GDDKiA potwierdziła, że o pierwszych oznakach problemu informowano w 2019 roku. Już w tamtym czasie drogowcy chcieli zająć się naprawą drogi, jednak wszystkie oferty zebrane w dwóch przetargach znacznie przekraczały budżet, co uniemożliwiło wyłonienie wykonawcy. Wykonawcy nie udało się wybrać. Następnie we wrześniu 2021 roku ogłoszony został przetarg na wykonanie dokumentacji, który objął łącznie cztery lokalizacje z podobnymi uszkodzeniami. Ponownie jednak, ze względu na zbyt drogie oferty, przetarg zakończył się niepowodzeniem. 

Reklama

W 2022 roku w wyniku przetargu udało się wyłonić firmę do opracowania dokumentacji korpusu z pierwotnym terminem zakończenia przypadającym w maju 2023 roku. Ostatecznie ze względu na konieczność uregulowania spraw własności związanych z gruntami pokrytymi wodami, termin opracowania dokumentacji wydłużono do października 2023 roku.

GDDKiA znalazło wykonawcę. Remont pochłonie grube miliony

Roboty budowlane na zniszczonym fragmencie S1 wykona firma Usługi Transportowo Drogowo Mostowe Jan Opitek z Chełma Śląskiego. Głównym kryterium przy wyborze wykonawcy była cena (wartość kryterium - 60 proc.) oraz przedłużenie gwarancji jakości (wartość kryterium - 40 proc.). Zadaniem wykonawcy jest usunięcie uszkodzeń korpusu drogowego na ok. 400-metrowym odcinku, a następnie jego wzmocnienie i odtworzenie. Dzięki tym działaniom przywrócona zostanie pełna funkcjonalność drogi, a ponadto zapewniona będzie ochrona przed dalszym zniszczeniem. Zgodnie z umową naprawa ma kosztować 17,7 mln zł, a zakończenie prac planowane jest w kwietniu 2025 roku.

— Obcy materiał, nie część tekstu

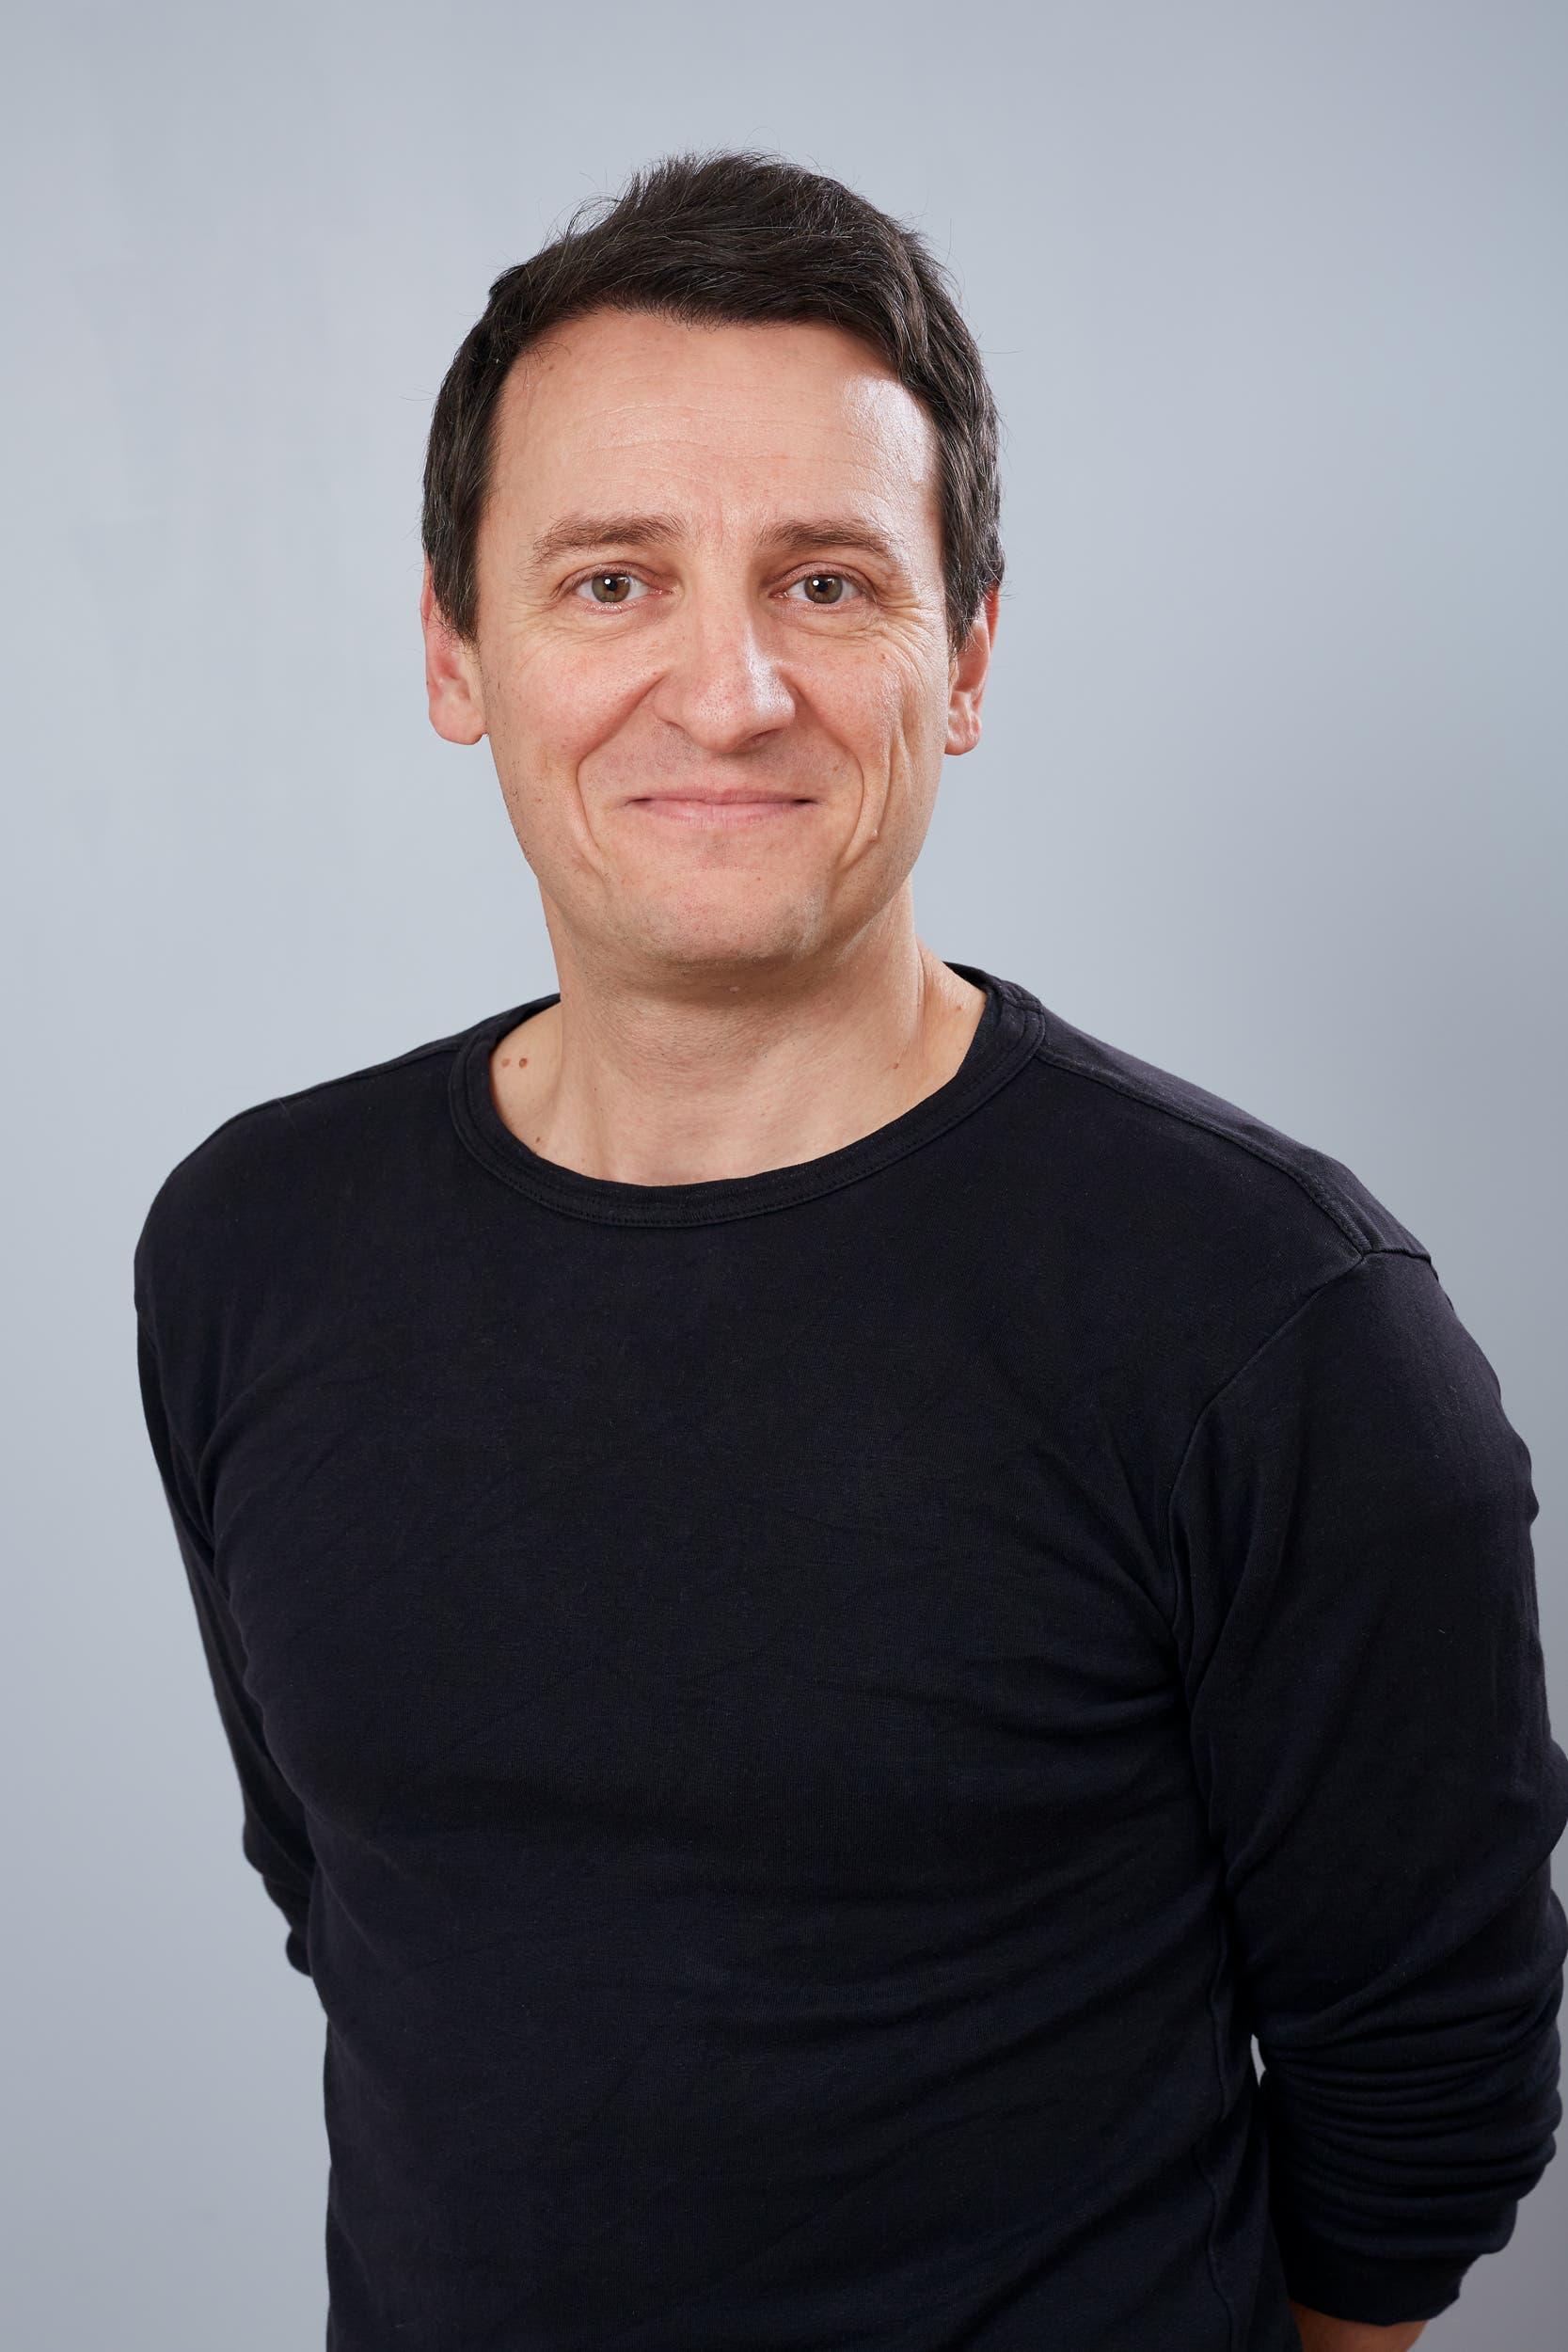 Adrian Albisser, SP (bisher)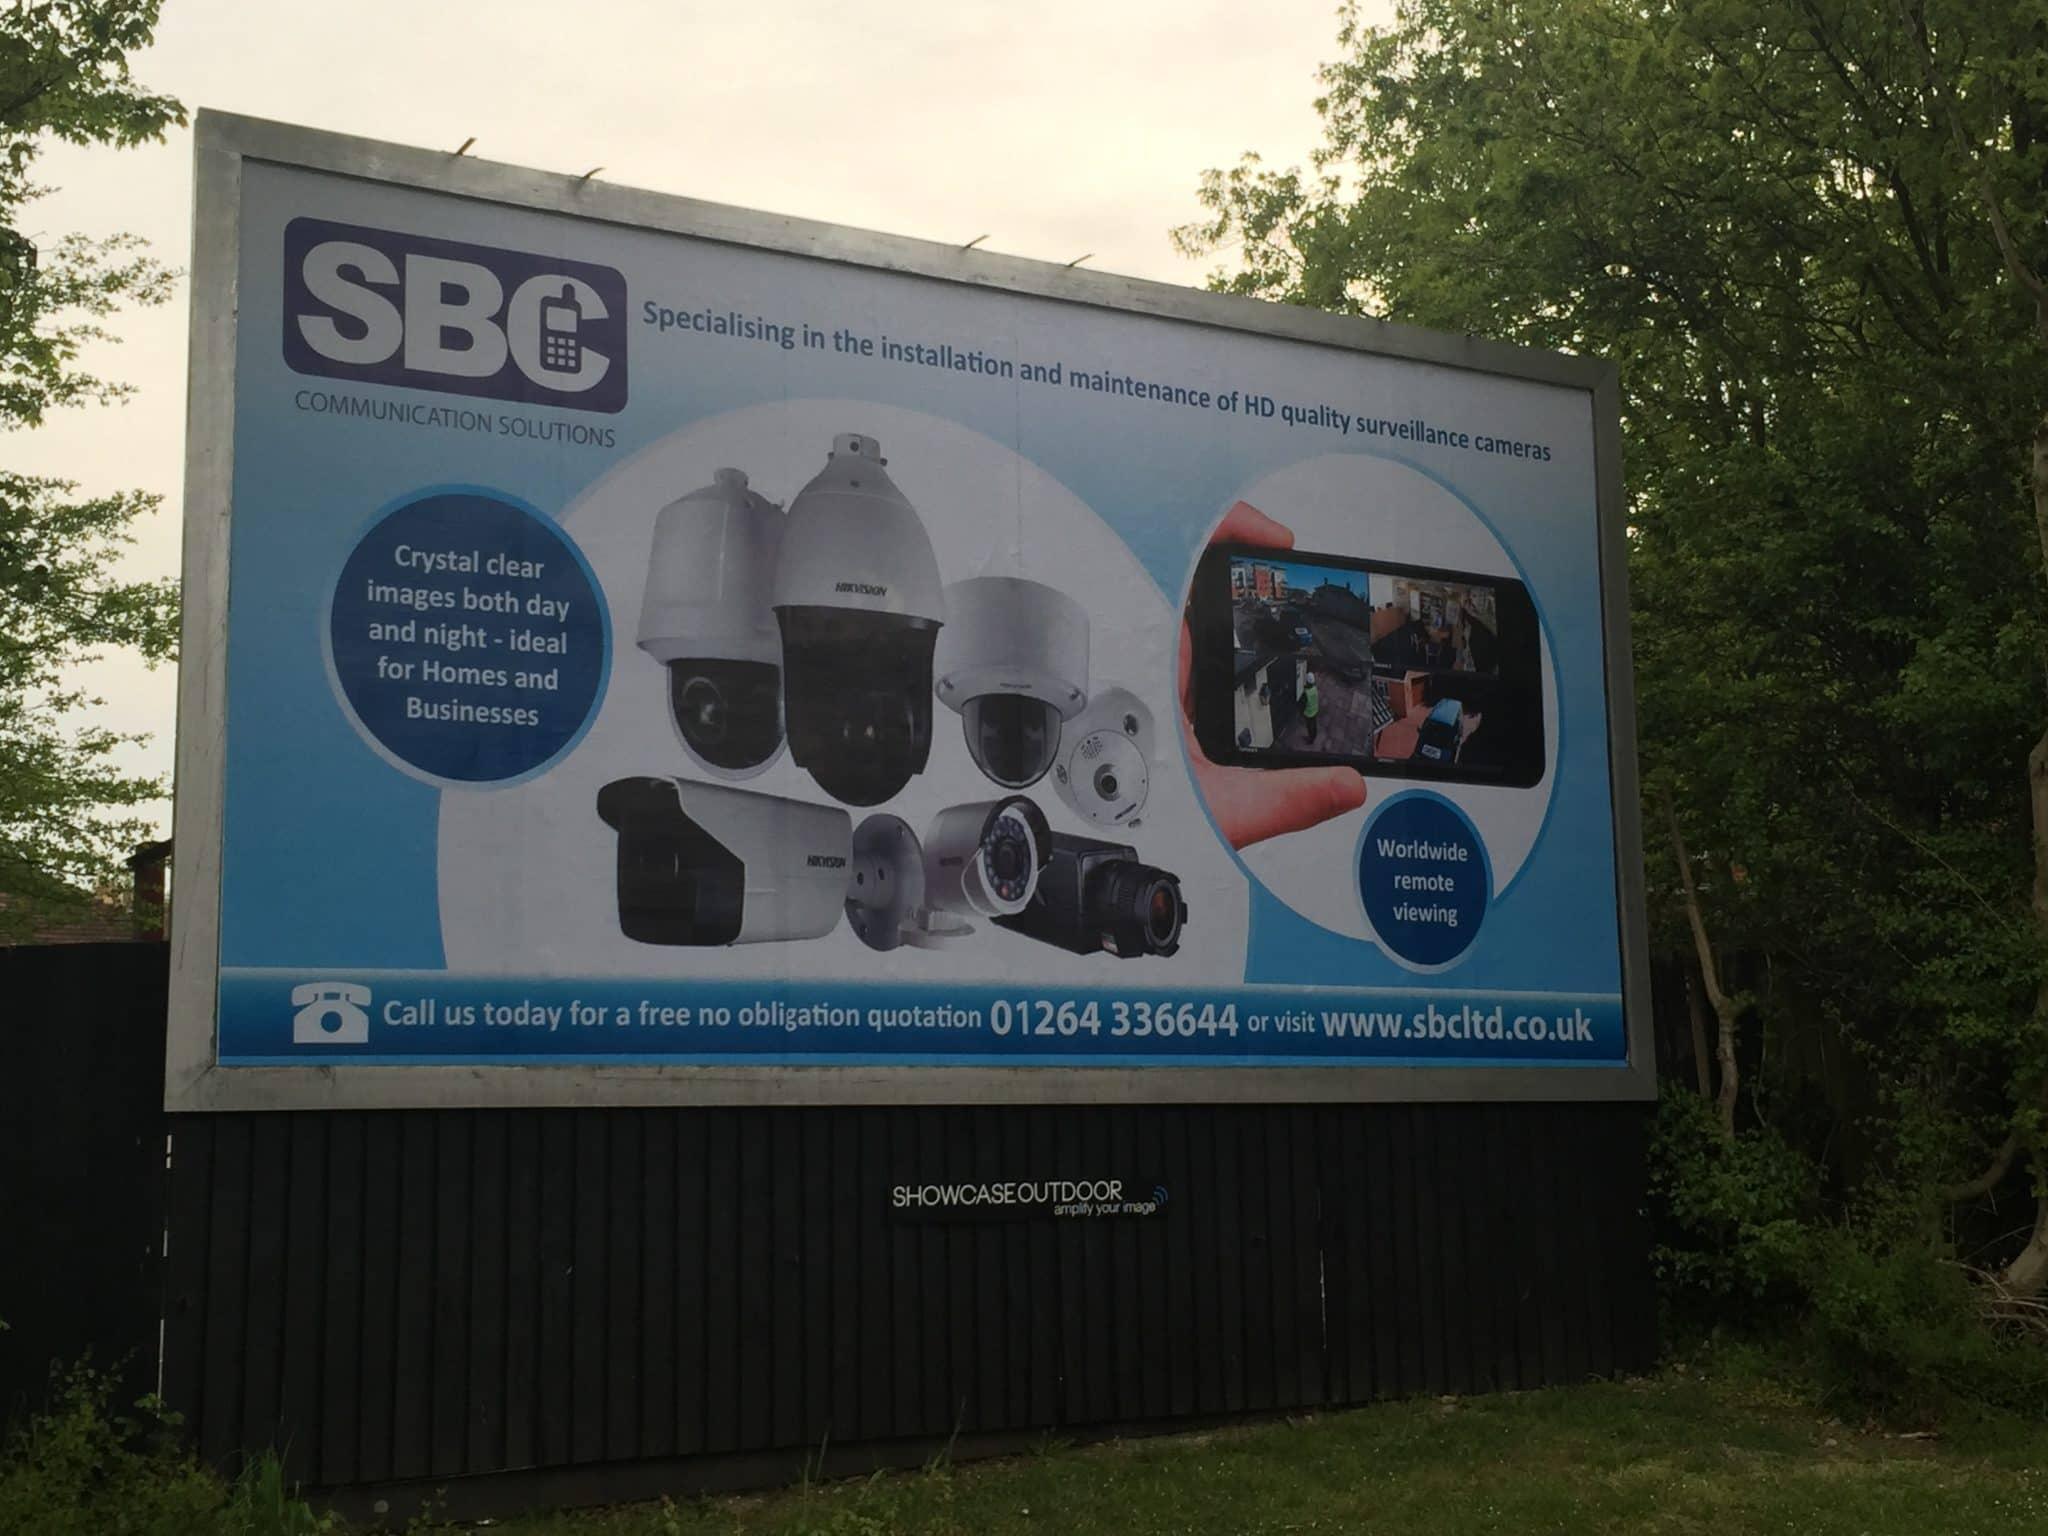 SBC HD CCTV Surveillance Cameras Go LARGE!

Zniszczona droga na S1. Drogowcy przygotowali objazd

Do czasu wyłonienia wykonawcy miejsce zostało zabezpieczone przed dalszym namakaniem. Dodatkowo wprowadzono na tym odcinku drogi ruch wahadłowy z sygnalizacją świetlną, co pozwoliło odciążyć jezdnię. Taka organizacja ruchu obowiązywała do momentu wybudowania bypassu między odcinkiem S1 i równoległym fragmentem drogi gminnej.

Objazd przygotowany przez drogowców umożliwia rozpoczęcie głównych prac naprawczych, tj. rozbiórkę korpusu drogowego do poziomu terenu rodzimego. Podczas tego etapu prac materiał z rozbiórki będzie oceniany pod kątem możliwości ponownego zastosowania w nowej konstrukcji korpusu drogowego. Jego odbudowa ma zostać przeprowadzona w technologii gwarantującej bezpieczne i bezawaryjne użytkowanie.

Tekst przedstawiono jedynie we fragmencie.